STORED DATA>

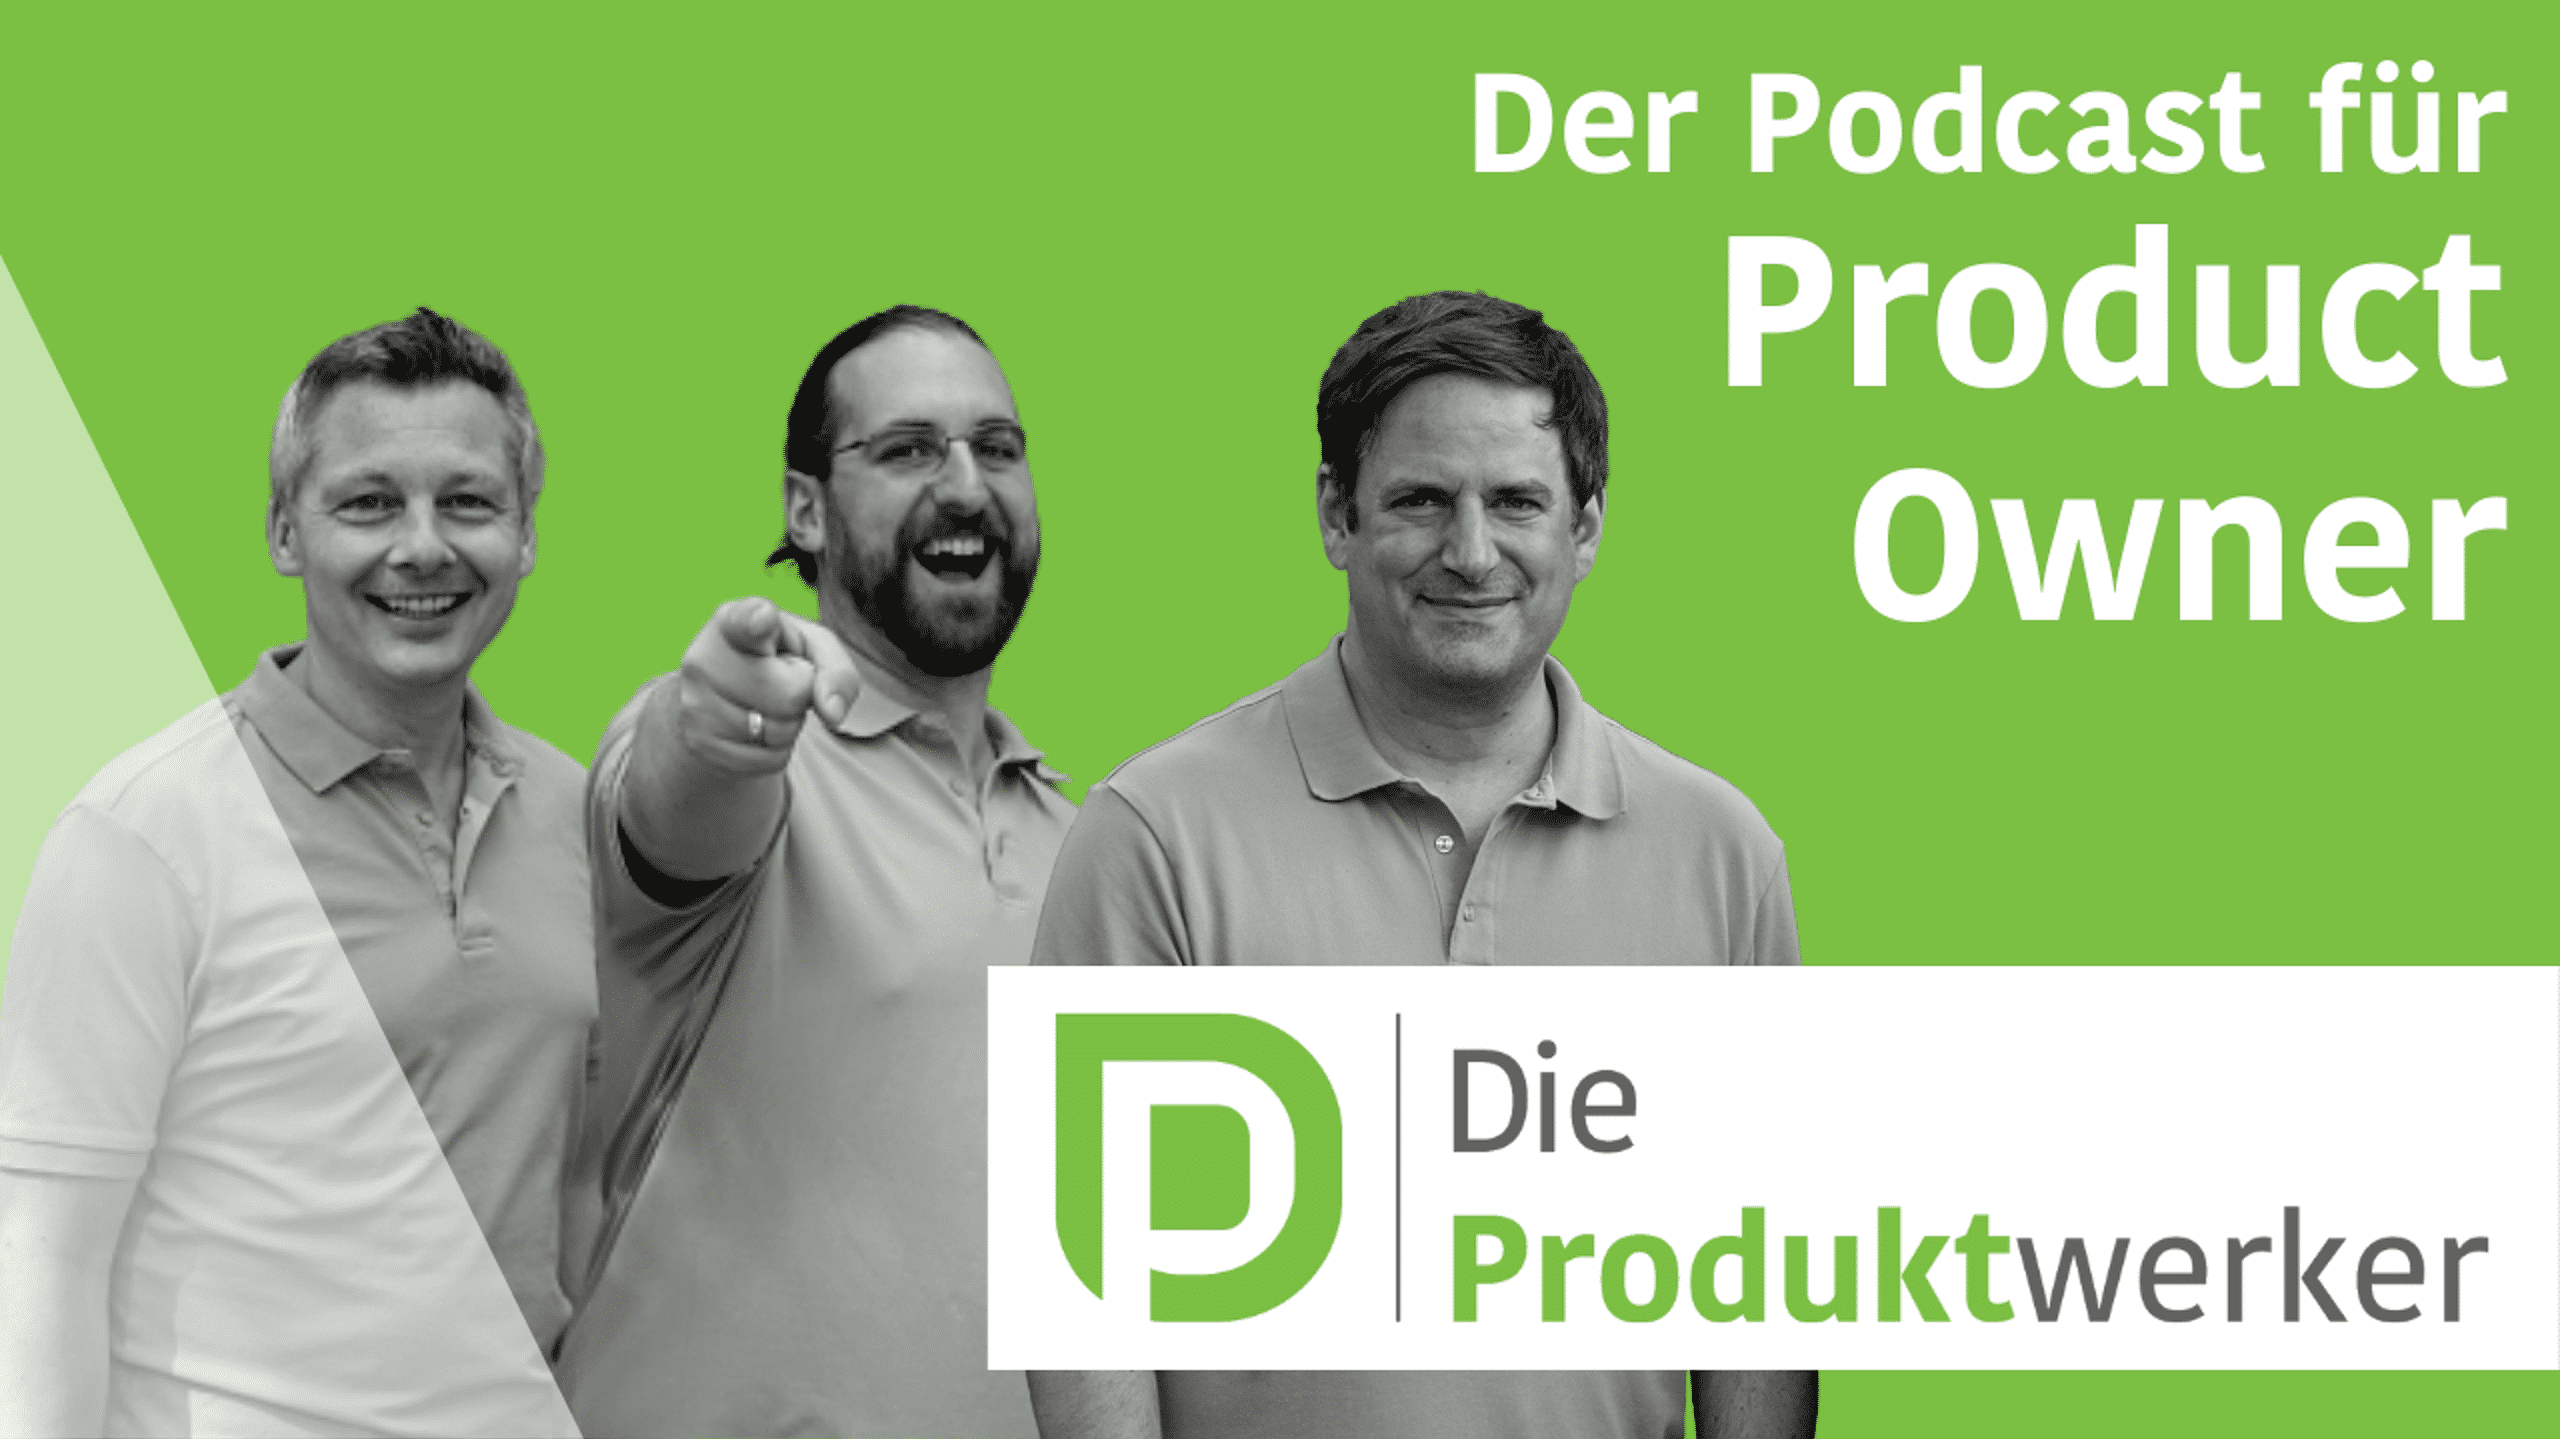 Produktwerker auf einem Bild (3 Männer), dazu Text "Der Podcast für Product Owner"
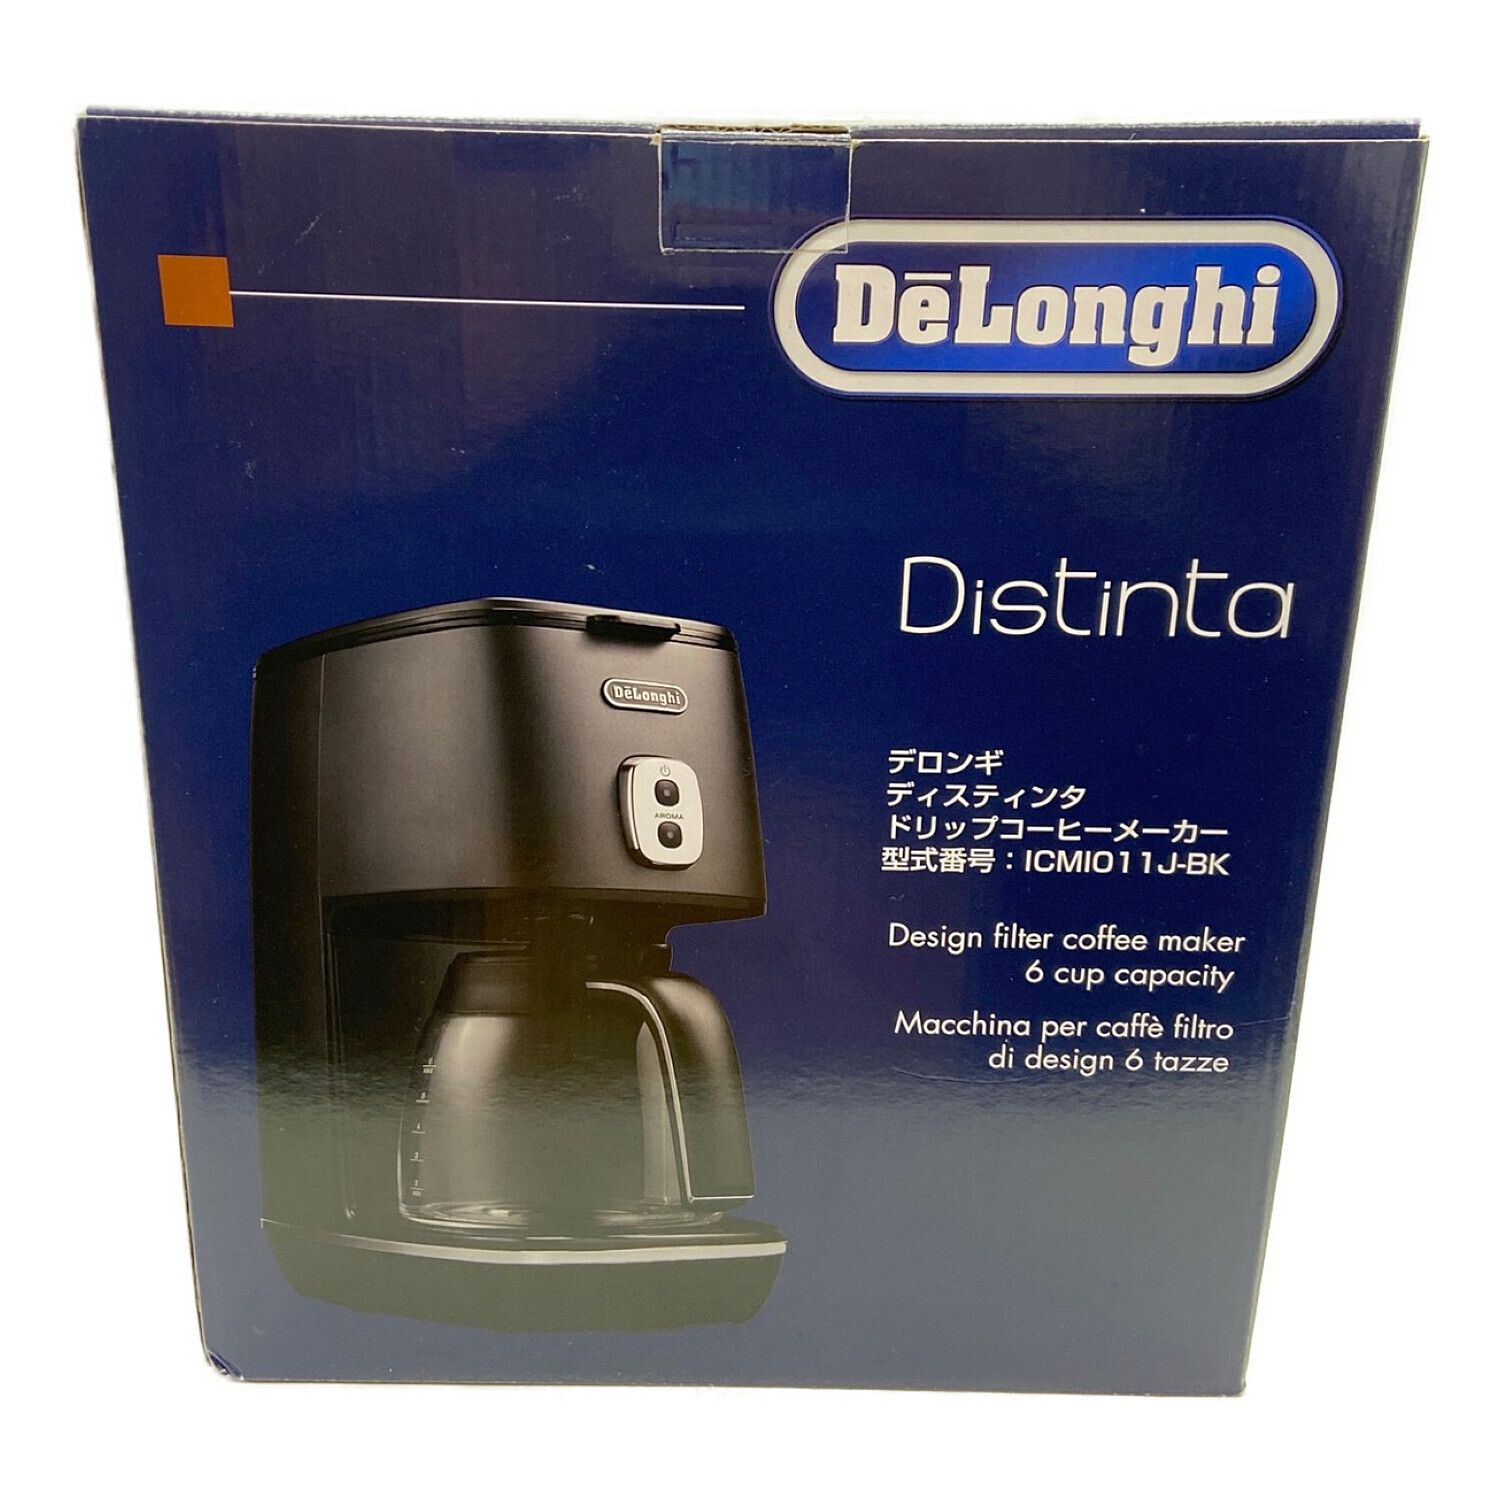 新品未使用 DeLonghiディスティンタ ドリップコーヒーメーカー
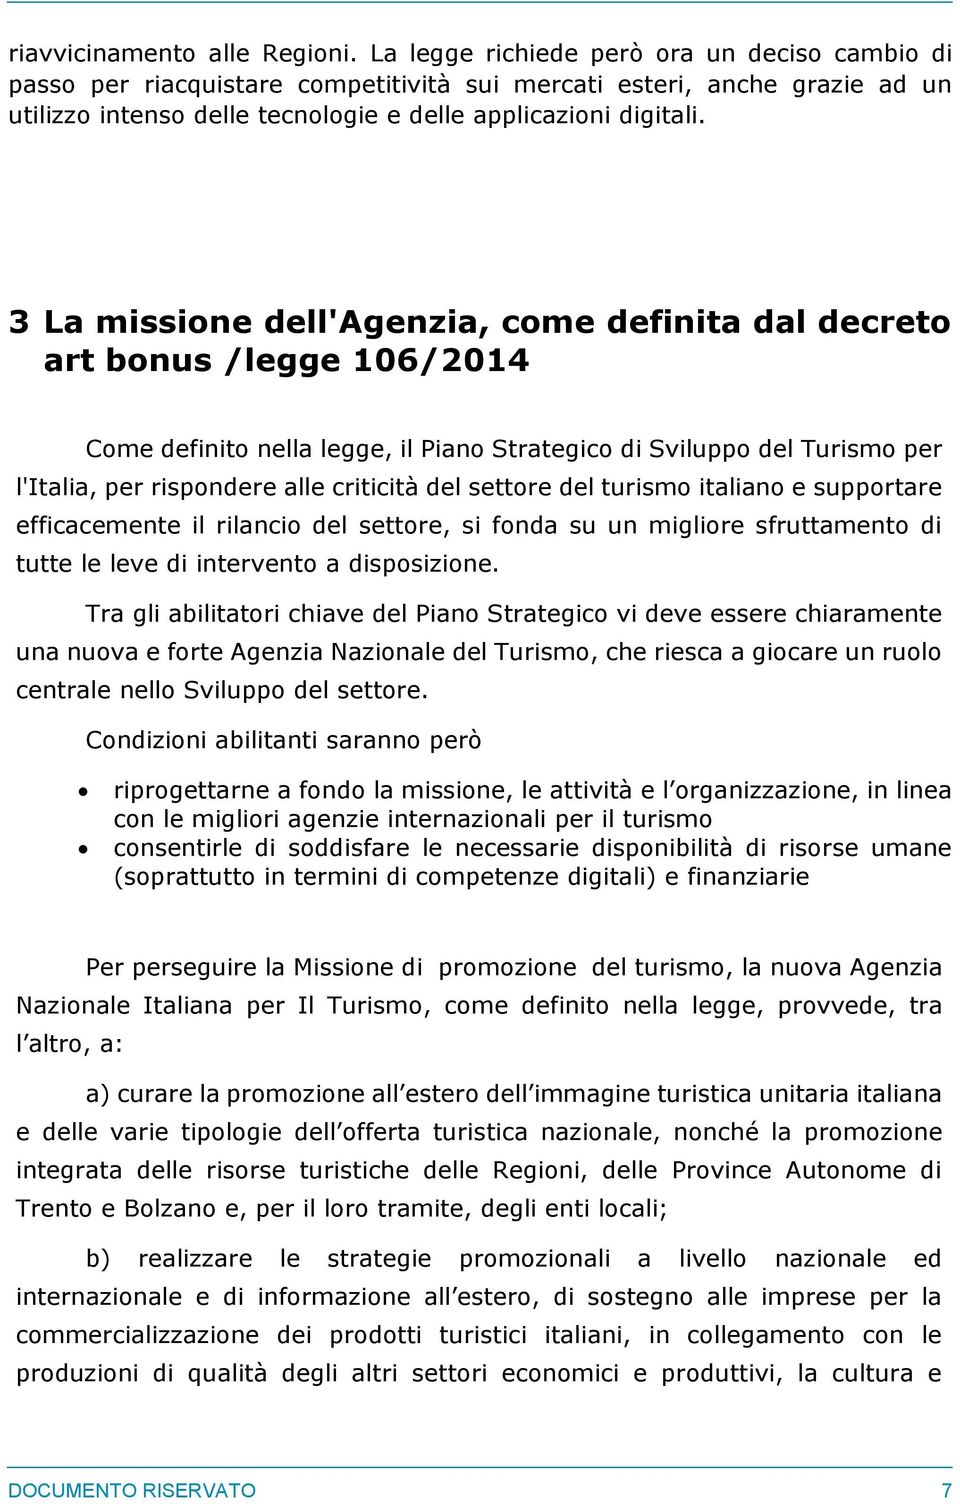 3 La missione dell'agenzia, come definita dal decreto art bonus /legge 106/2014 Come definito nella legge, il Piano Strategico di Sviluppo del Turismo per l'italia, per rispondere alle criticità del

WHAT IS REQUIRED> Please print the data above once more, exactly and without images.

SOLUTION TO THIS EXERCISE>
 Produktwerker auf einem Bild (3 Männer), dazu Text "Der Podcast für Product Owner"
 新品未使用 DeLonghiディスティンタ ドリップコーヒーメーカー
 3 La missione dell'agenzia, come definita dal decreto art bonus /legge 106/2014 Come definito nella legge, il Piano Strategico di Sviluppo del Turismo per l'italia, per rispondere alle criticità del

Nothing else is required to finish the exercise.